简体   繁体   中英

Kotlin best practices: declare/init instance variables

Let's say I have the following classes:

class Activity1: Activity {
private var objects = arrayListOf<MyObject>()

  override fun onCreate(...) {
    ...
    Thread {
        getThoseObjects() {
            this.runOnUiThread {
                objects = it
                //load a fragment using objects
                val fragment = MyFragment.newInstance(objects)
            }
        }

    }.start()
  }

  fun startActivity2() {
    val i = Activity2.newIntent(objects)
    ...
  }
}

class Activity2: Activity {
  private lateinit var objects: ArrayList<MyObject>

  override onCreate(...) {
      objects = intent.getSerializableExtra(MY_KEY) as ArrayList<MyObject>
  }
}

Is this the accepted best practice for declaring/init-ing the objects arraylist in both of these classes?

In Activity1 I need to grab it from the server and use it in the fragment but also pass it to Activity2 if needed. I don't want to make it nullable but it also feels weird to init the empty array.

In Activity2, the lateinit var (from what I have found) seems like the best way to handle that.

As far as the unchecked cast from the getSerializableExtra cast, I'm confident that I can ignore the warning but I'd love it someone has a neat trick to avoid it.

You can also use lateinit var in the Activity1 for objects.

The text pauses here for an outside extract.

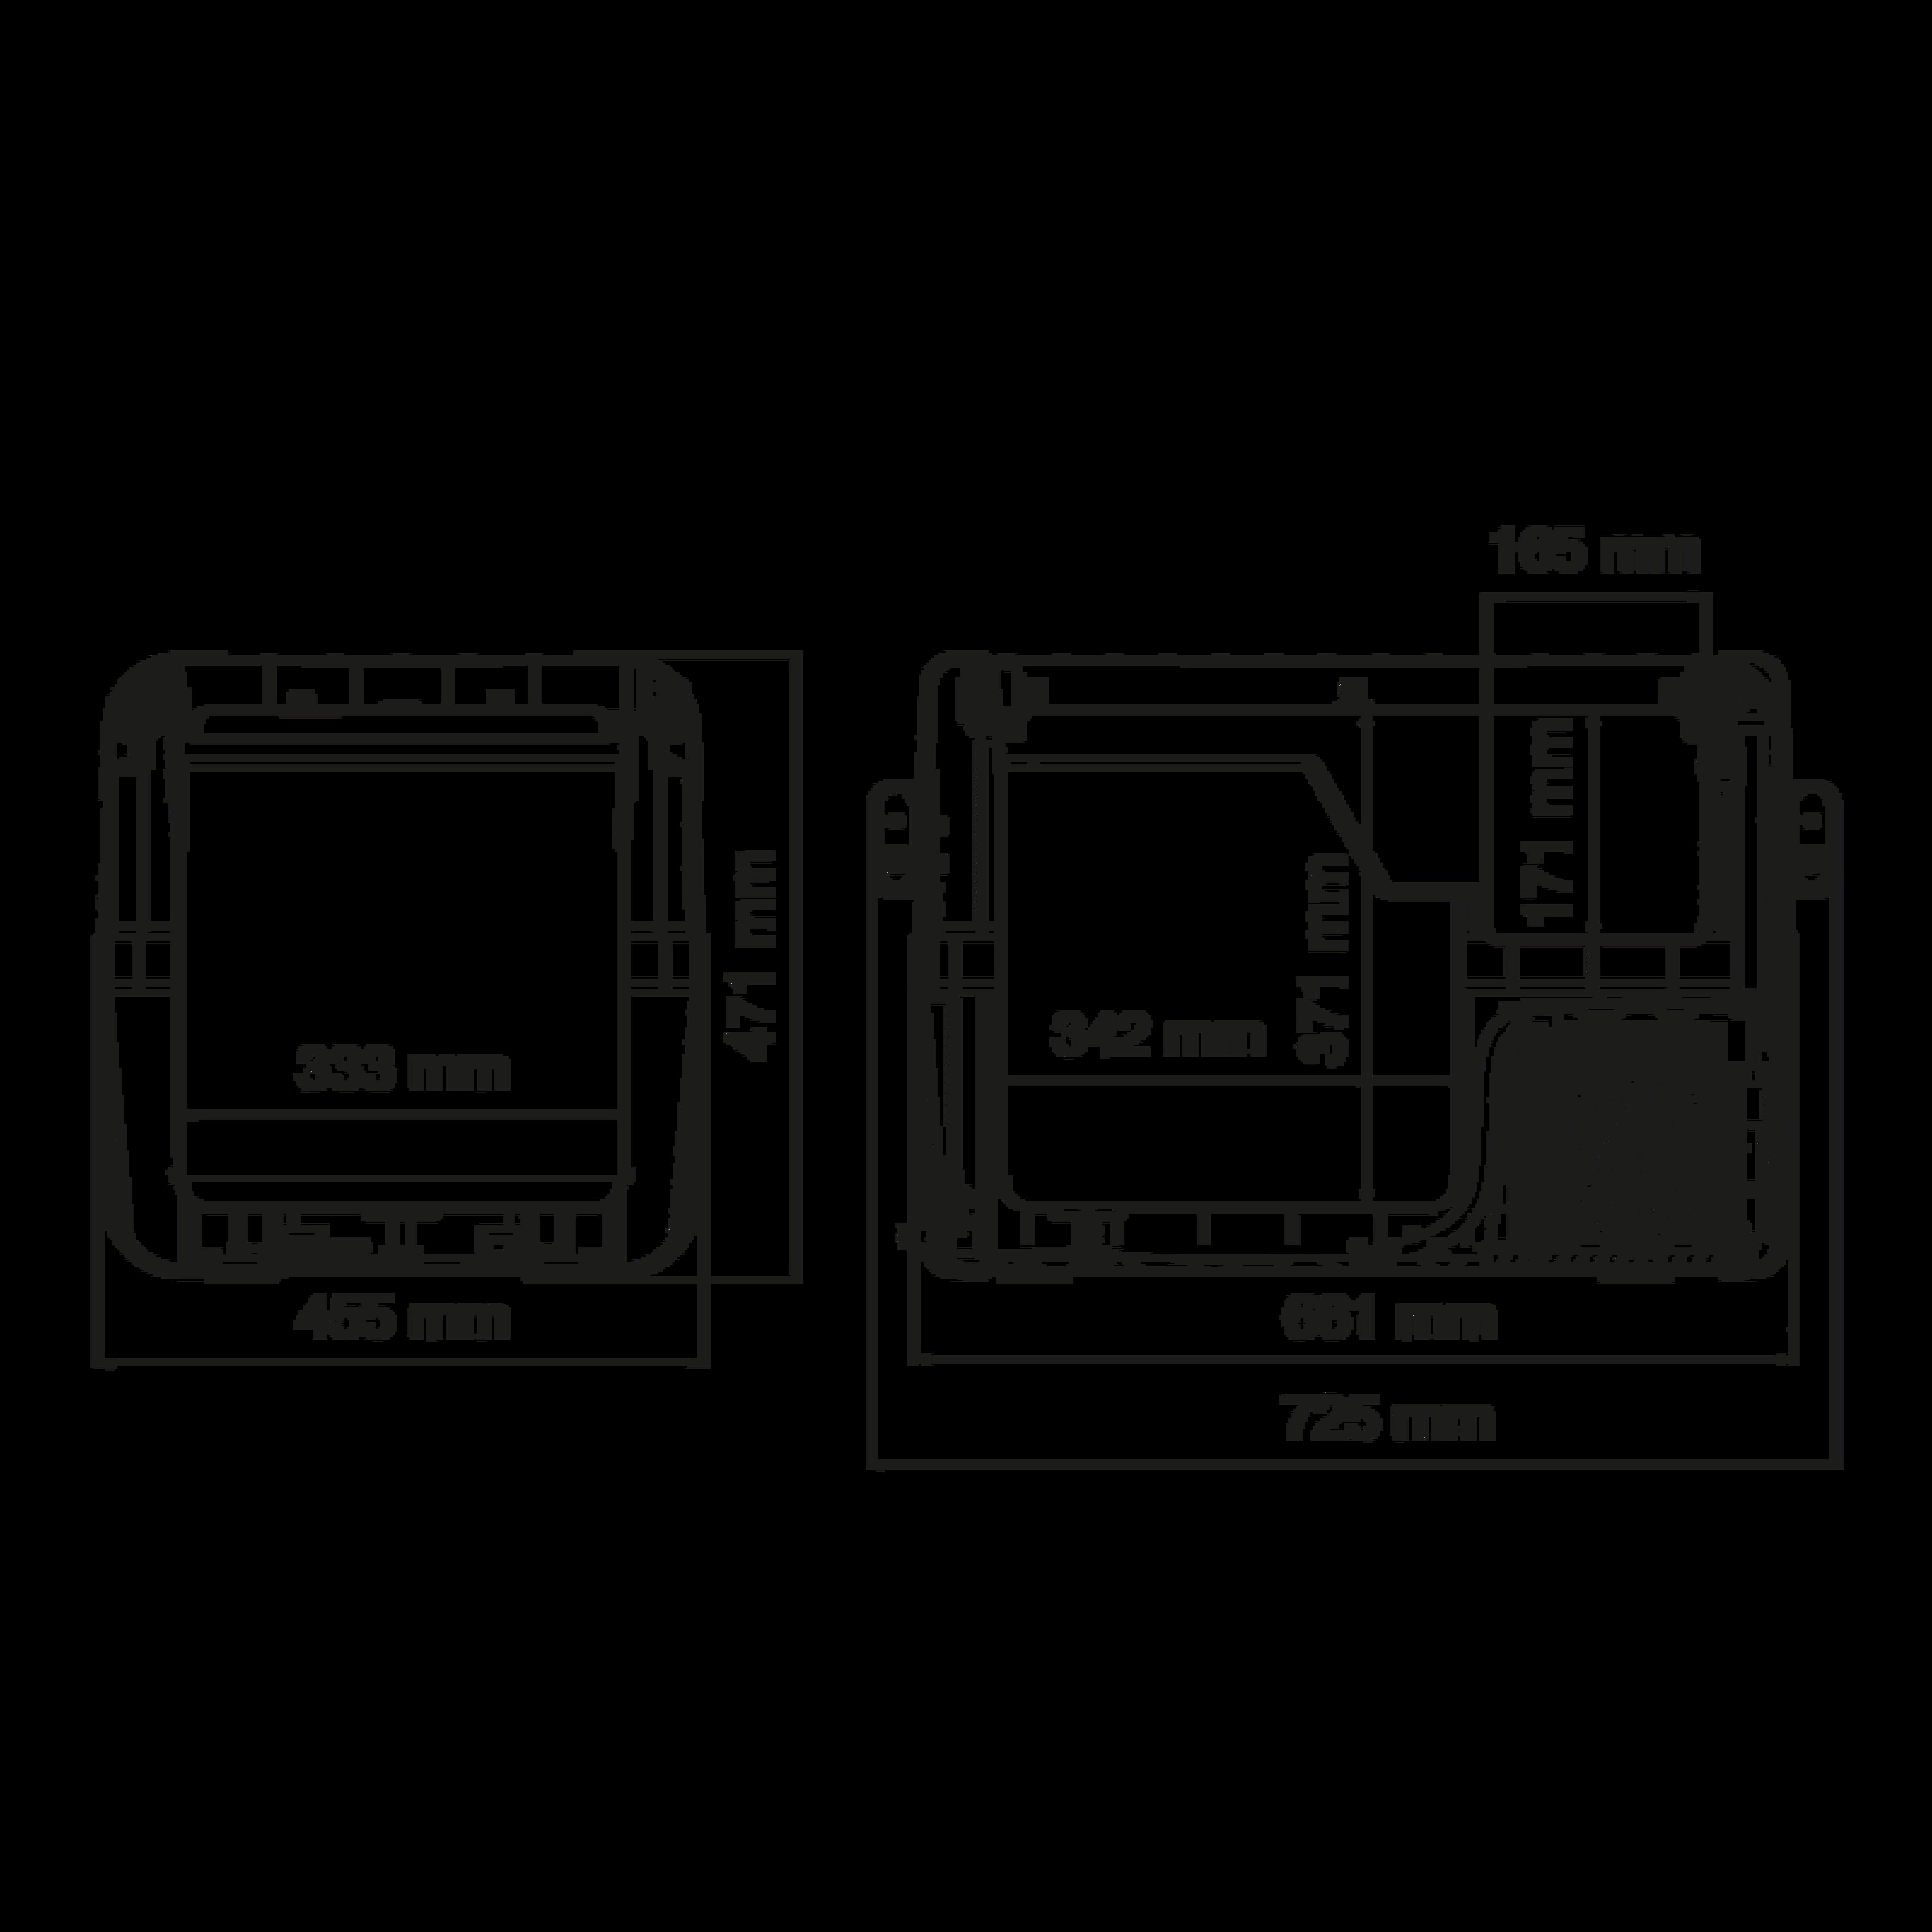 CFX 50 Dimensions

When you are sending the objects to the Activity2, Let the Activity2 handle the null values from the intent in onCreate method

You can use delegate property lazy for your initialization.

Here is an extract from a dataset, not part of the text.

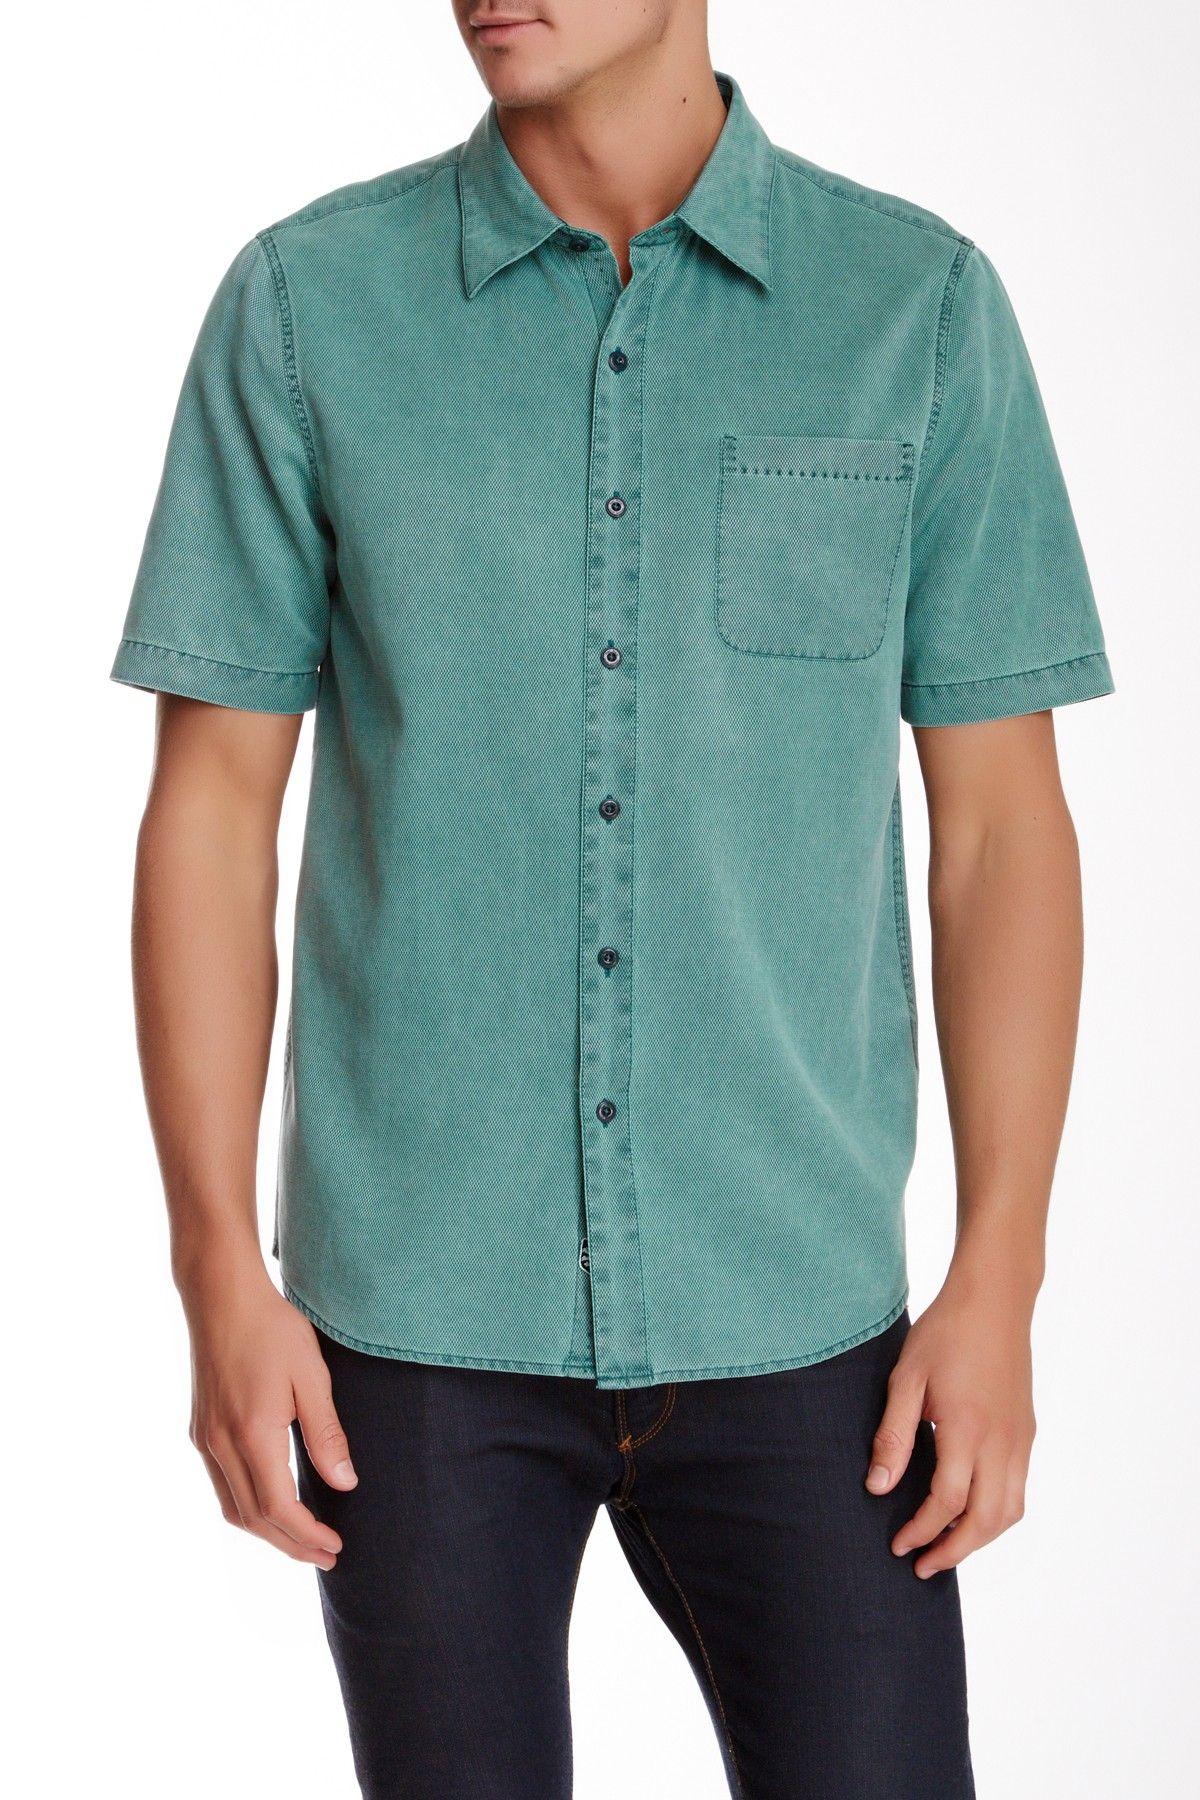 Havana Cloth Silk Blend Shirt by Nat Nast on @nordstrom_rack

As per your scenario, you're having data from API (which means in future), and lazy block is use to make val initialization at invocation access, not at declaration.

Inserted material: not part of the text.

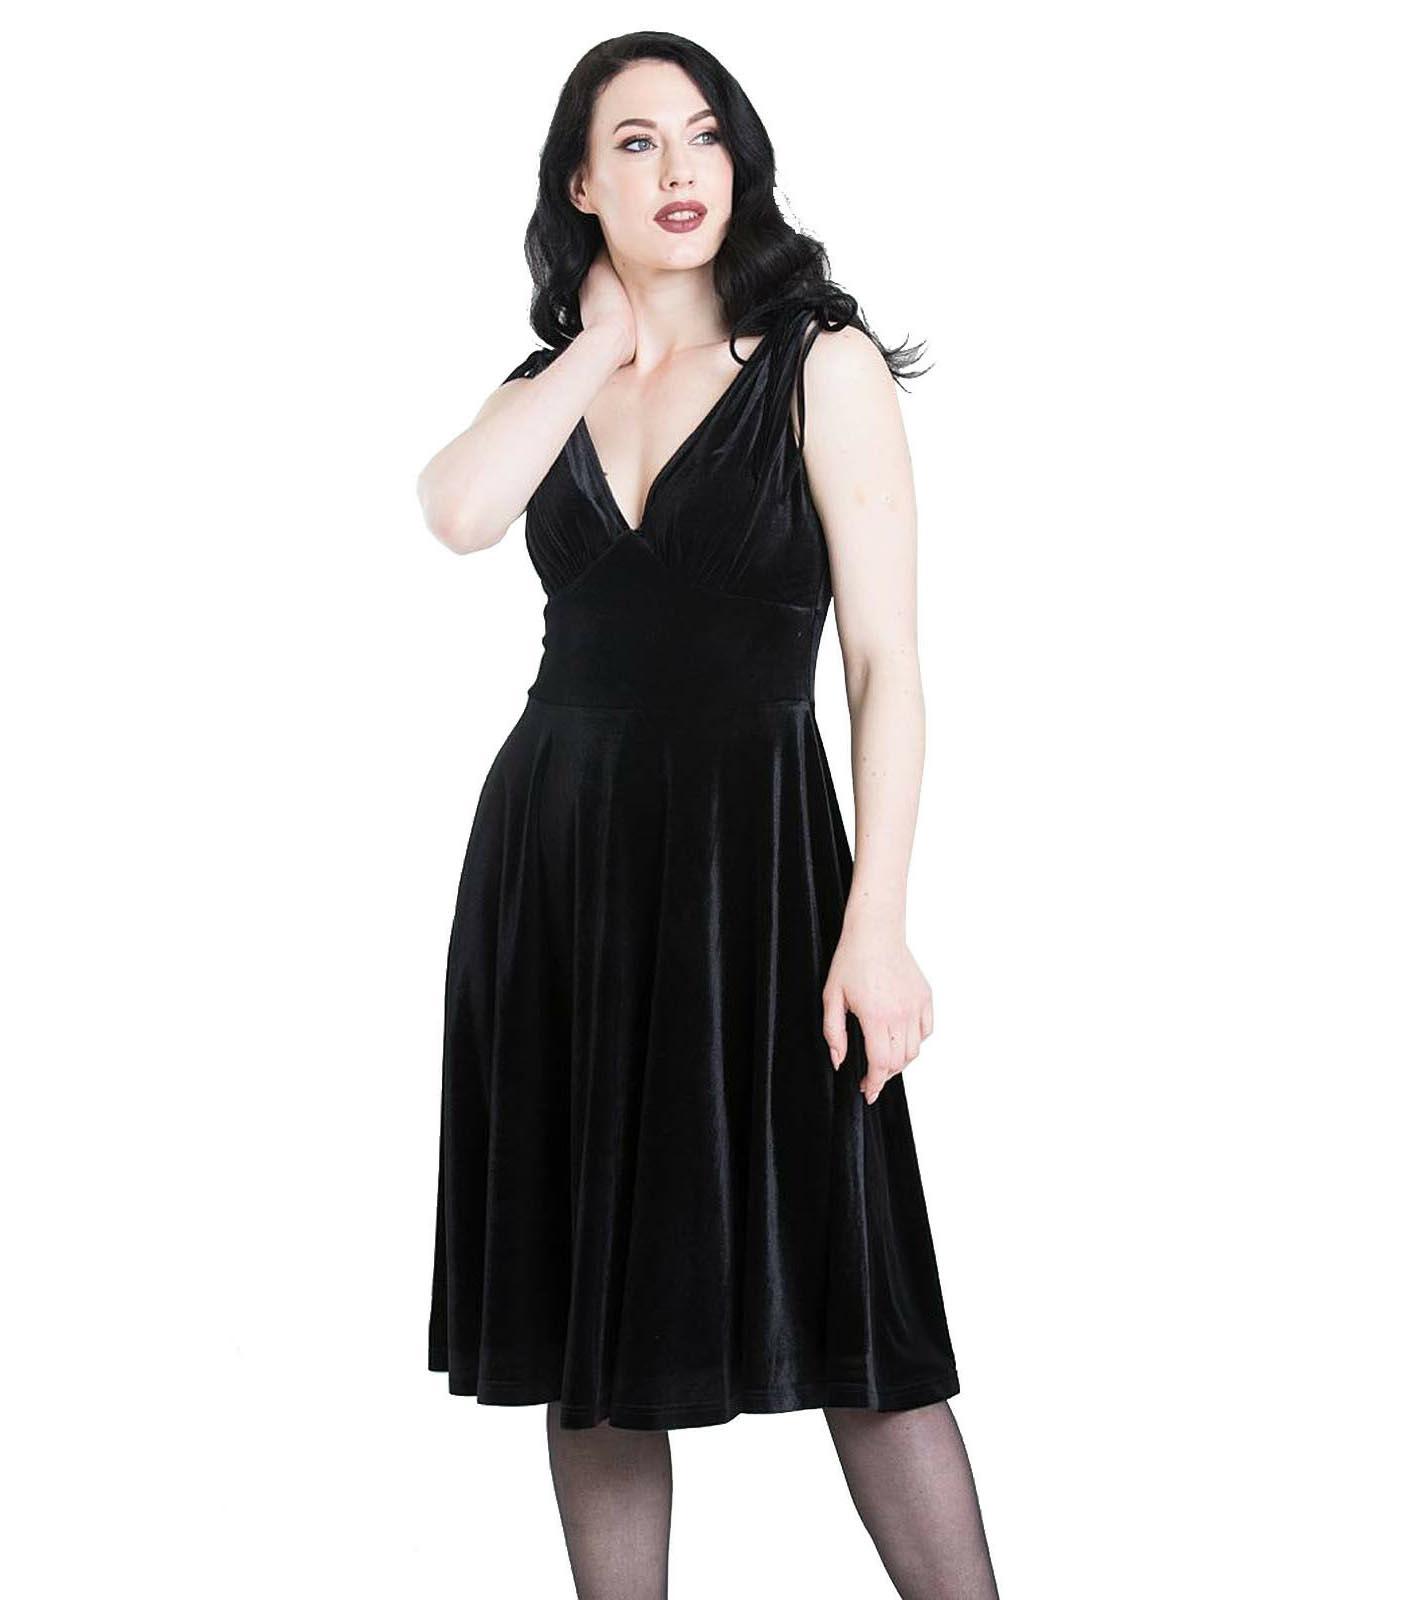 Hell-Bunny-40s-50s-Elegant-Pin-Up-Dress-MELINA-Crushed-Velvet-Black-All-Sizes thumbnail 3

So for Activity1, it'll be like:

private val objects by lazy { return@lazy arrayListOf<MyObject>()}

for Activity2:

private val objects: ArrayList<MyObject>? by lazy { return@lazy (intent?.getSerializableExtra(MY_KEY) as ArrayList<MyObject>) ?: null }

More from here .

Create some shared class/object like presenter with state, viewmodel or other abstraction depending on your architecture. It should be responsible for network call and storing value in field. Make request to load data in first activity. Then start second activity try to access field where value is stored(or not). If it not null show your data, if it isn't wait for it to complete and then notify your activity using some kind of observer pattern or other stuff. This is more clean way.